The specific error is that the app cannot find racc-1.5.2. The Bundler info is #<struct Bundler::Settings::Path explicit_path="/home/pi/src/bogie_can/.bundle", system_path=false, default_install_uses_path=false>.. So, we note that the .bundle path is correct and in the .bundle/ruby/2.7.0/gems/ directory, racc-1.5.2 is indeed installed and owned by the user "pi".

I've cleared out old bundle installations and tried switching the app user from pi to root (which was nobody) and back. Also, I'm using rbenv, so I also ran rbenv rehash after the fresh bundle install. I've also carefully reviewed the "Detailed diagnostics" from the Passenger error page (which is super helpful!) and do not see anything that is obviously wrong.

Using the Passenger error page as a guide, it seems that:

  1. The gems are indeed installed as needed
  2. The user, either root or pi, have permissions to access the gems
  3. pi is a reasonable user to run the app
  4. The passenger_root and passenger_ruby are coming from the passenger-config about subcommands and are verified as well.

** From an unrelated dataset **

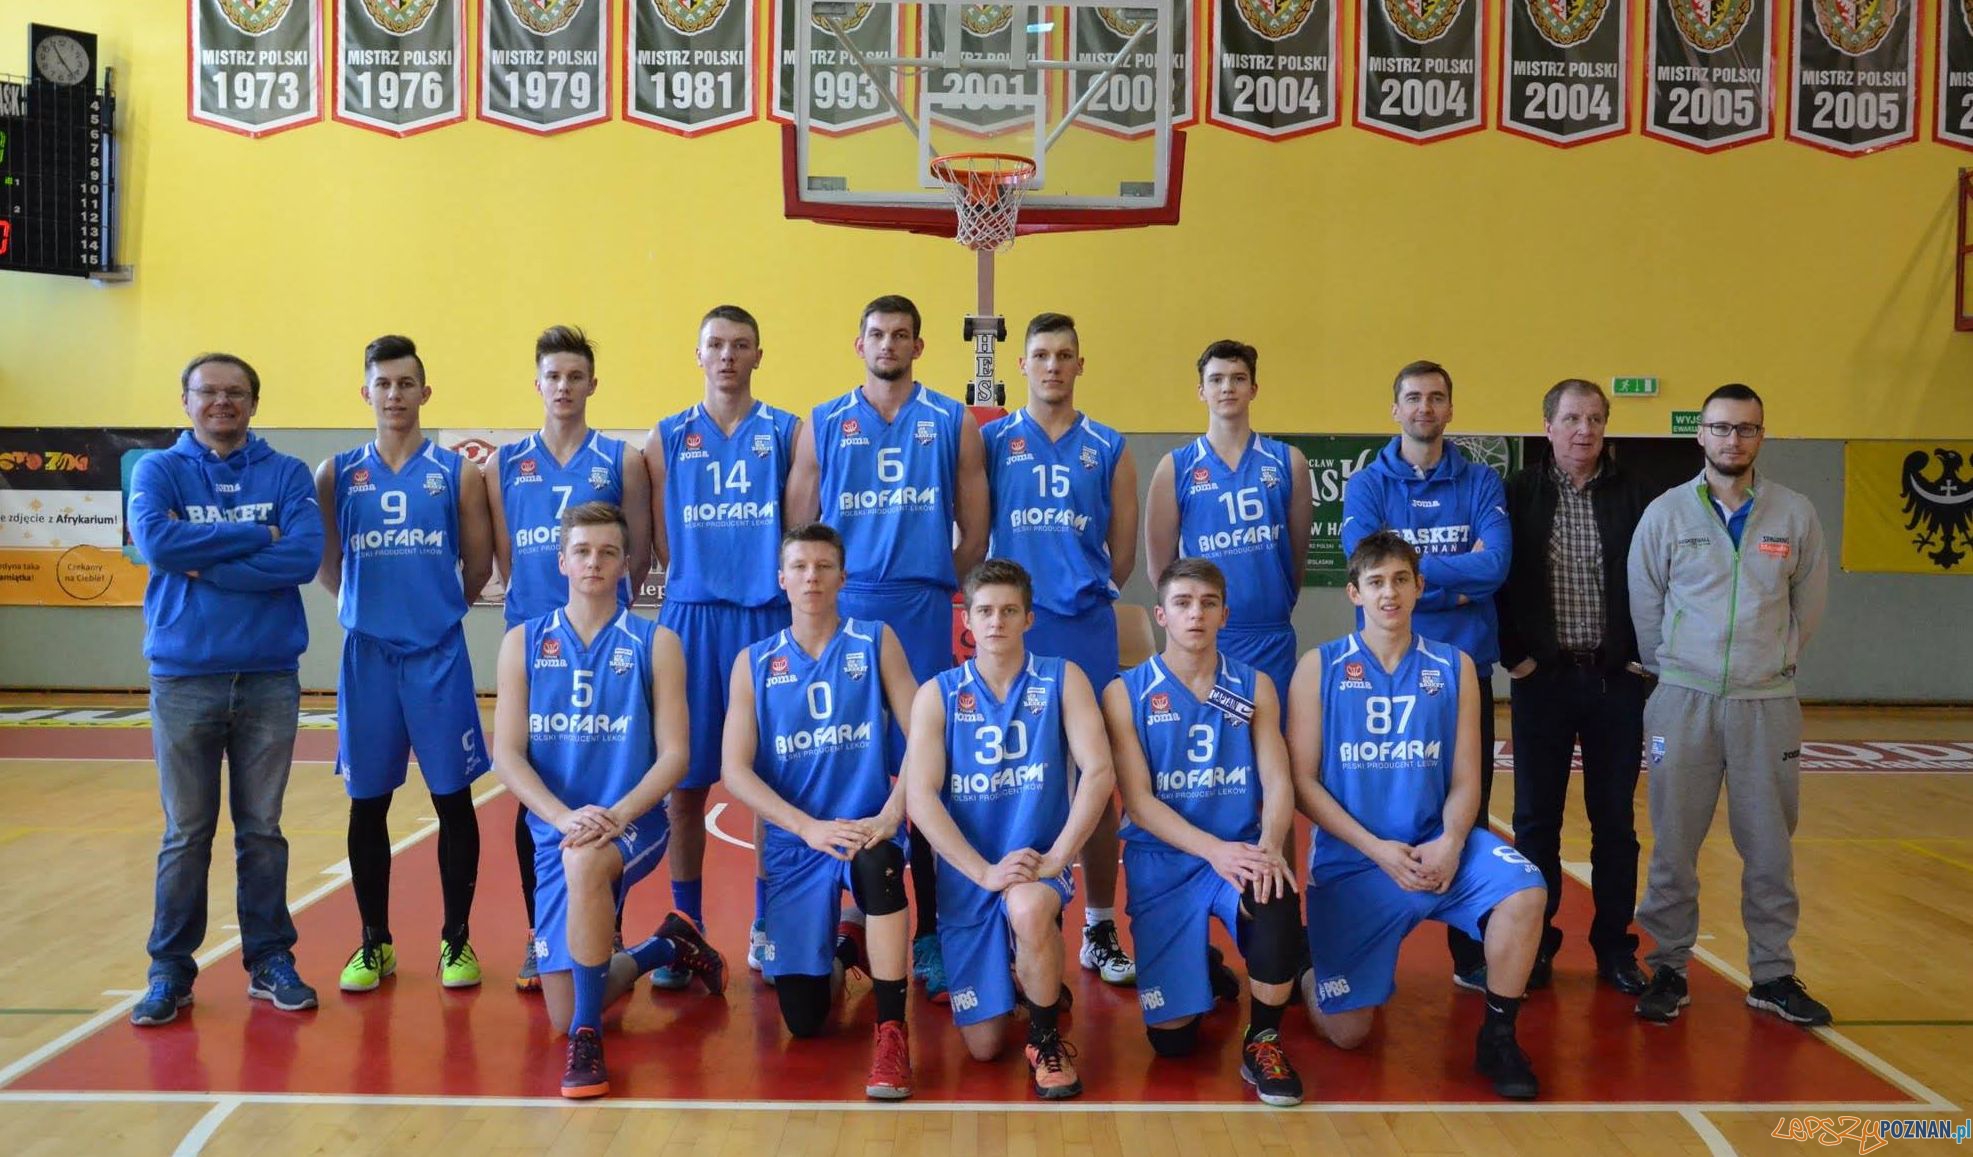 Biofarm Basket Junior podczas Mistrzostw U20 - 2016  Foto: Zibi / materiały prasowe klubu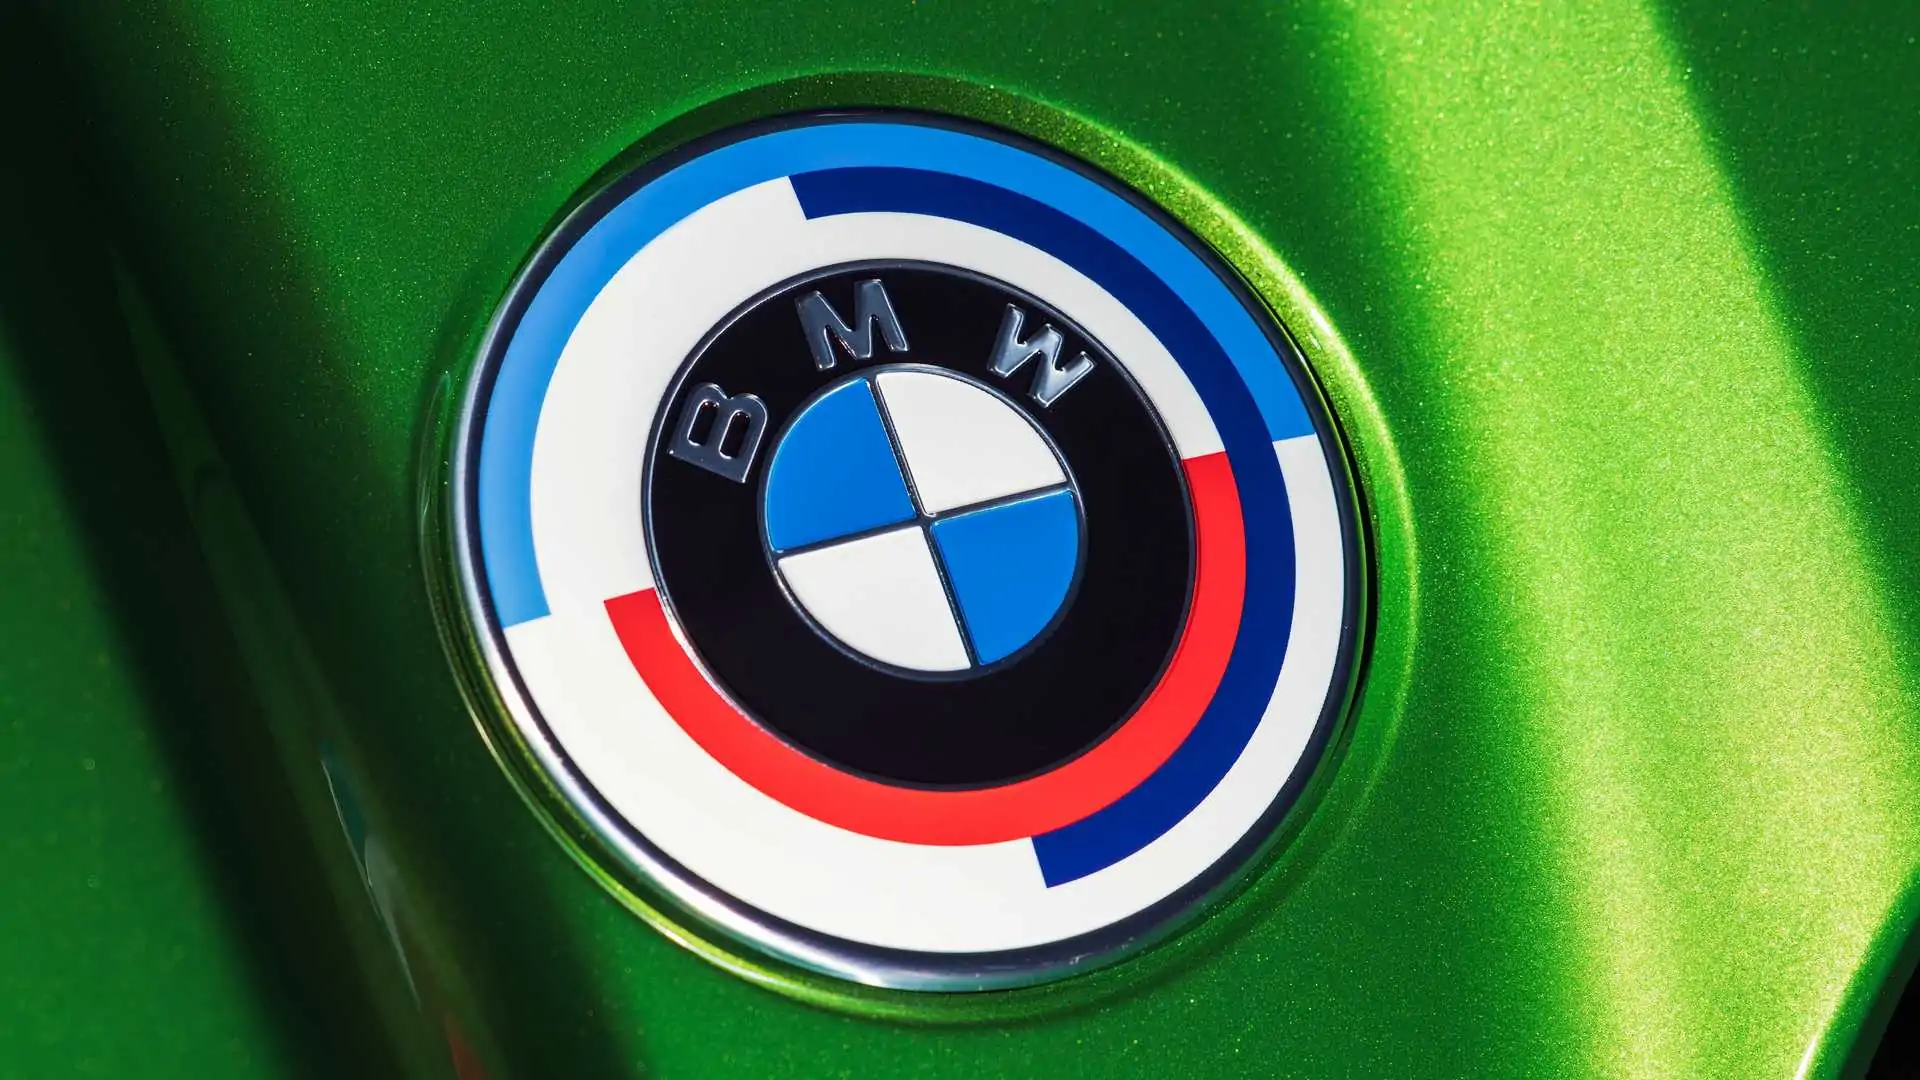 Emblema retrô da BMW chega para comemorar os 50 anos da M, conheça!

At this point, there must be some configuration I've overlooked or gotten wrong and I would greatly appreciate some questions and pointers.

CodePudding user response:

I believe I found the root cause of the problem.

I had performed a manual installation and did a copy / paste of the instructions to delete the default nginx installation. It would seem that was not fully successful because I noticed an error message upon system boot up that the "nginx.service" was not successfully started.

I fully removed the nginx installation with sudo apt-get purge nginx nginx-common and rebooted.